- **What the exercise asks**:
Please write out the lines of the data exactly, beginning with the first and ending with the line containing "EDUCA MOBILE PARAMETRIZAÇÃO."; leave the pictures behind.

- **Information shown**:
=== Section Start ===

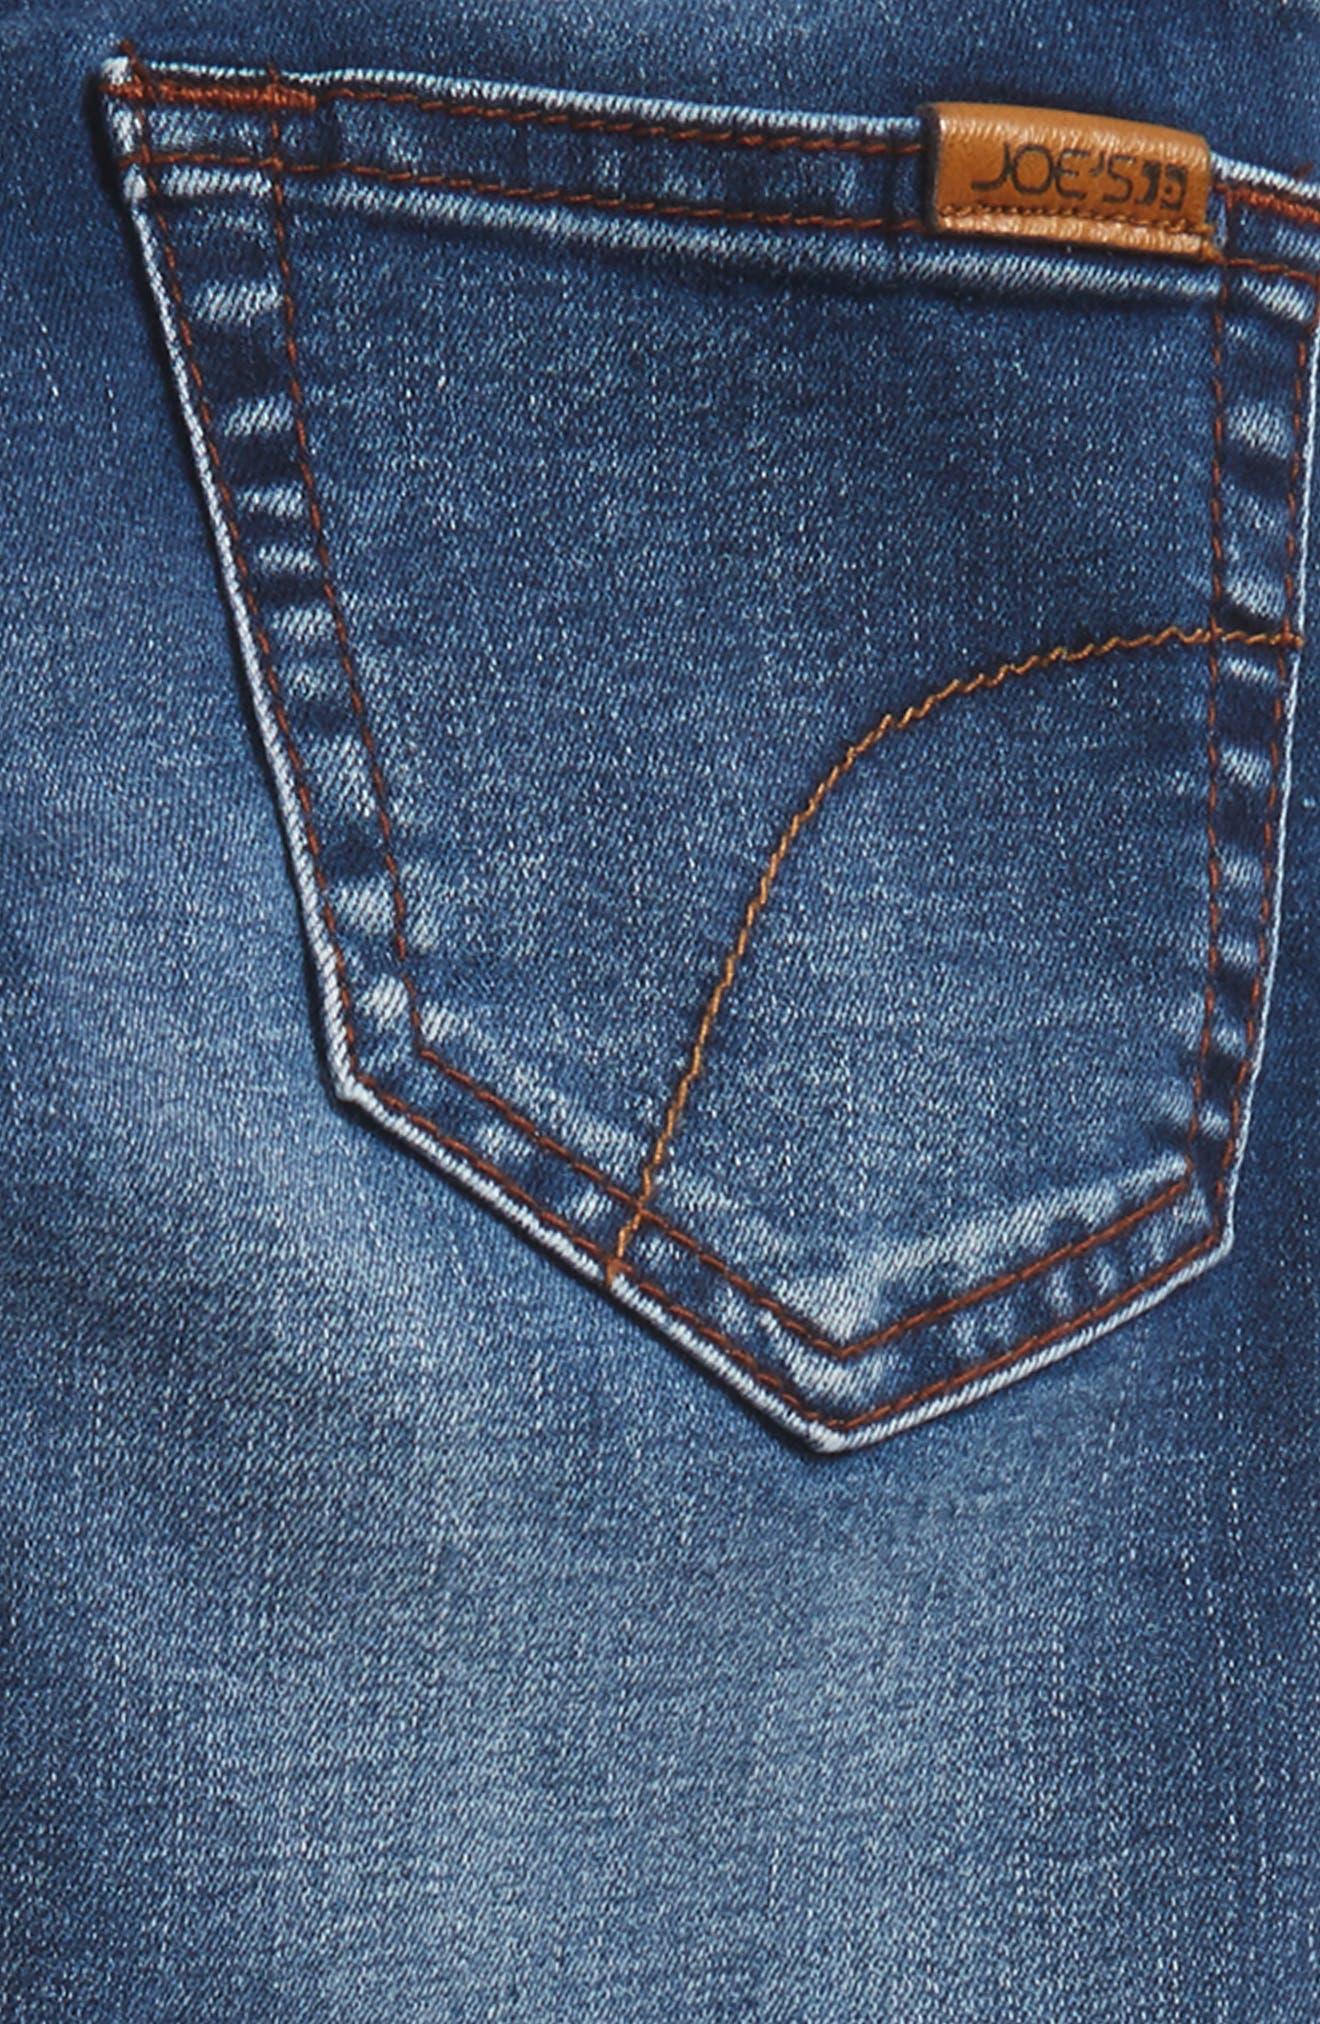 Brixton Slim Fit Stretch Jeans,                             Alternate thumbnail 3, color,
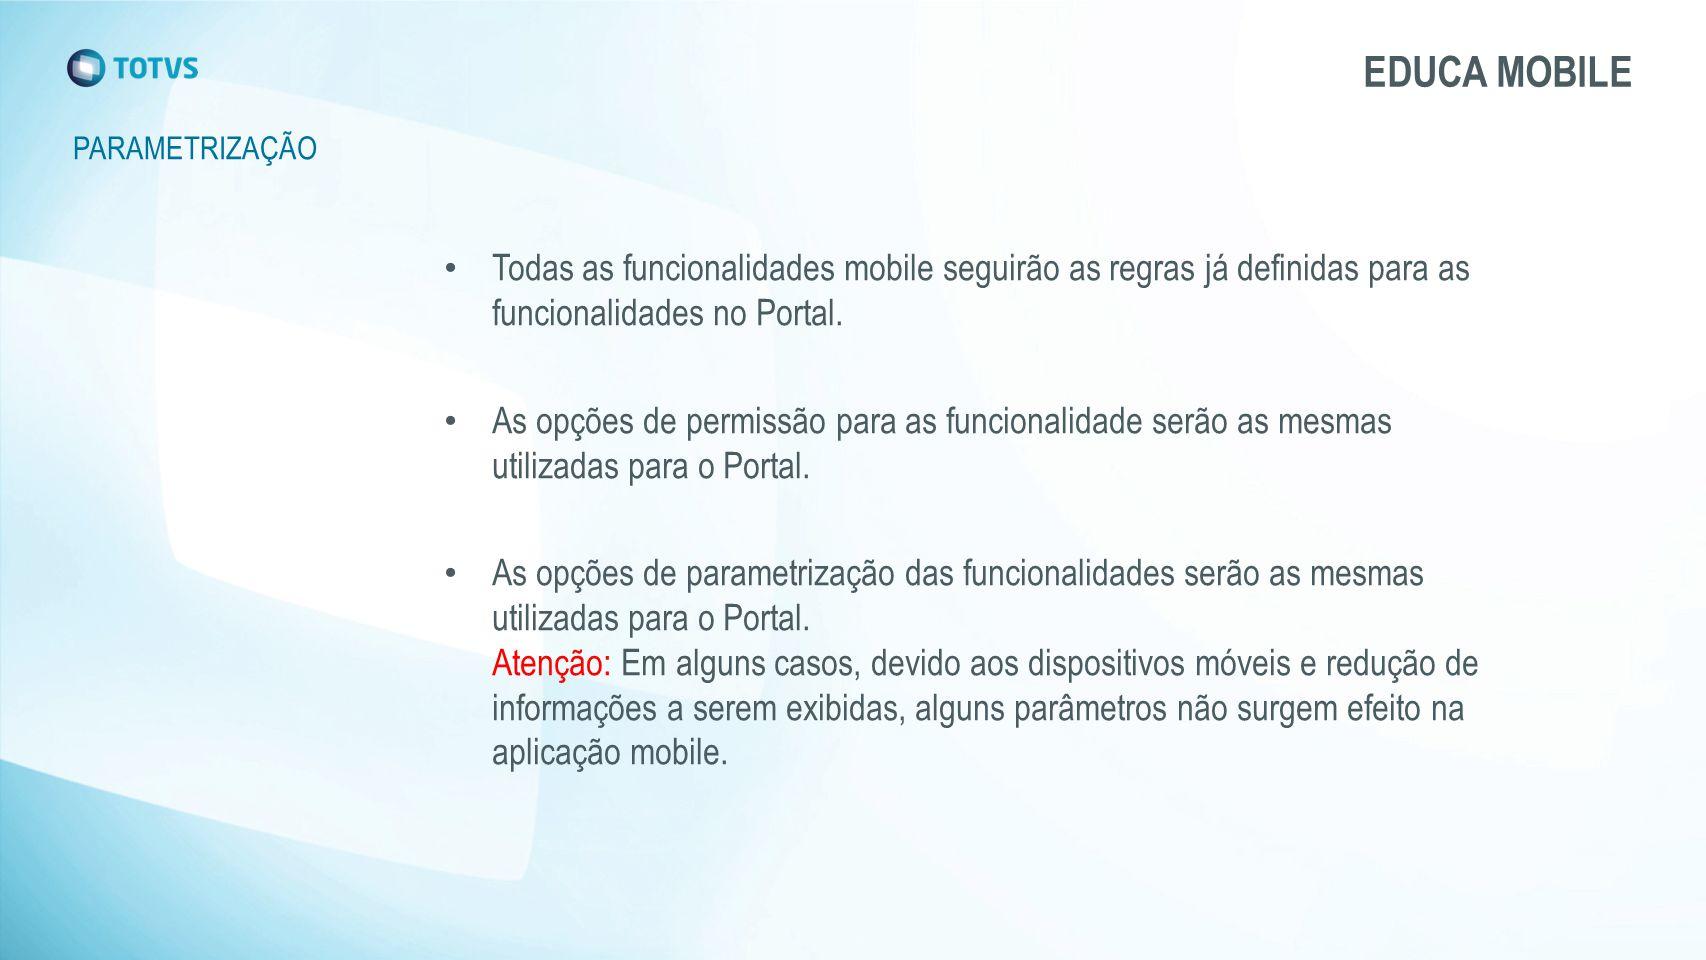 EDUCA MOBILE PARAMETRIZAÇÃO. Todas as funcionalidades mobile seguirão as regras já definidas para as funcionalidades no Portal.
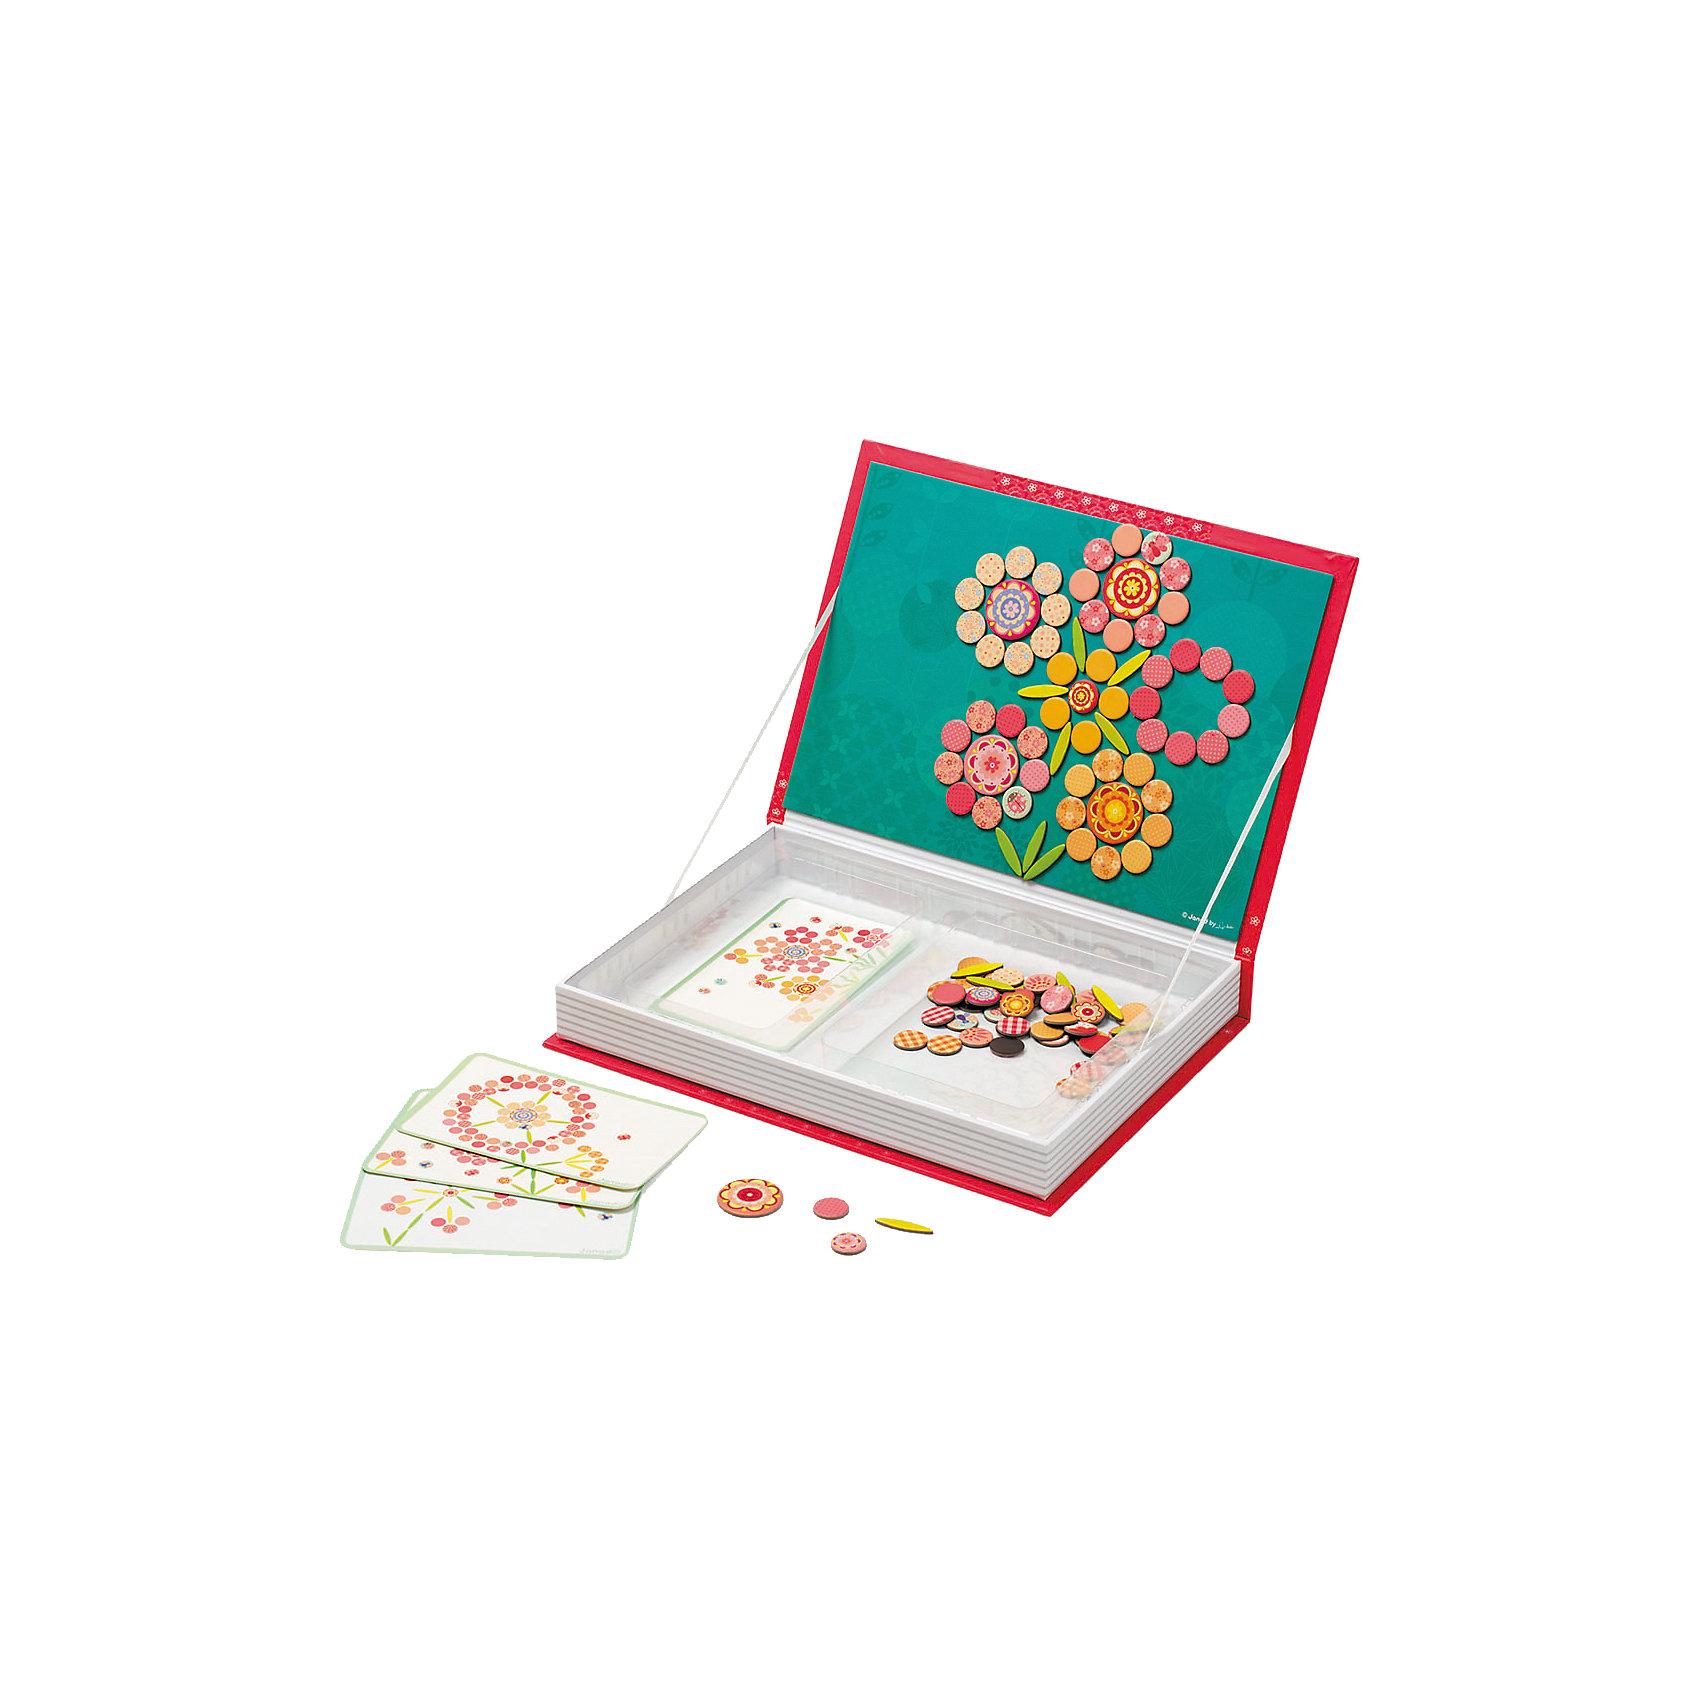 Большая магнитная книга-игра Цветы, JanodСобирать разные изображения из деталей - любимое занятие многих детей.  Магнитные фигурки - отличный способ развивать творческие способности ребенка в игровой форме. Эта игра очень удобна - ее можно брать с собой в дорогу, благодаря продуманной форме хранится она очень компактно. Она развивает также мелкую моторику, художественный вкус, воображение, логическое мышление, цветовосприятие. Такая игра надолго занимает детей и помогает увлекательно провести время!<br>Игра из магнитных деталей Цветы сделана в виде книги, но внутри ее содержатся магниты разных форм и расцветок, из которых можно создать огромное количество ярких цветов. Игра разработана опытными специалистами, сделана из высококачественных материалов, безопасных для детей.<br><br>Дополнительная информация:<br><br>материал: картон;<br>размер: 30 х 21,5 х 4 см;<br>комплектация: книга-коробка с магнитной застежкой, 113 магнитов, 5 карточек.<br><br>Магнитную книгу-игру Цветы от компании Janod можно купить в нашем магазине.<br><br>Ширина мм: 302<br>Глубина мм: 218<br>Высота мм: 43<br>Вес г: 780<br>Возраст от месяцев: 36<br>Возраст до месяцев: 72<br>Пол: Женский<br>Возраст: Детский<br>SKU: 4171223

=== Section End ===

- **Written answer**:
 Brixton Slim Fit Stretch Jeans,                             Alternate thumbnail 3, color,
 EDUCA MOBILE PARAMETRIZAÇÃO. Todas as funcionalidades mobile seguirão as regras já definidas para as funcionalidades no Portal.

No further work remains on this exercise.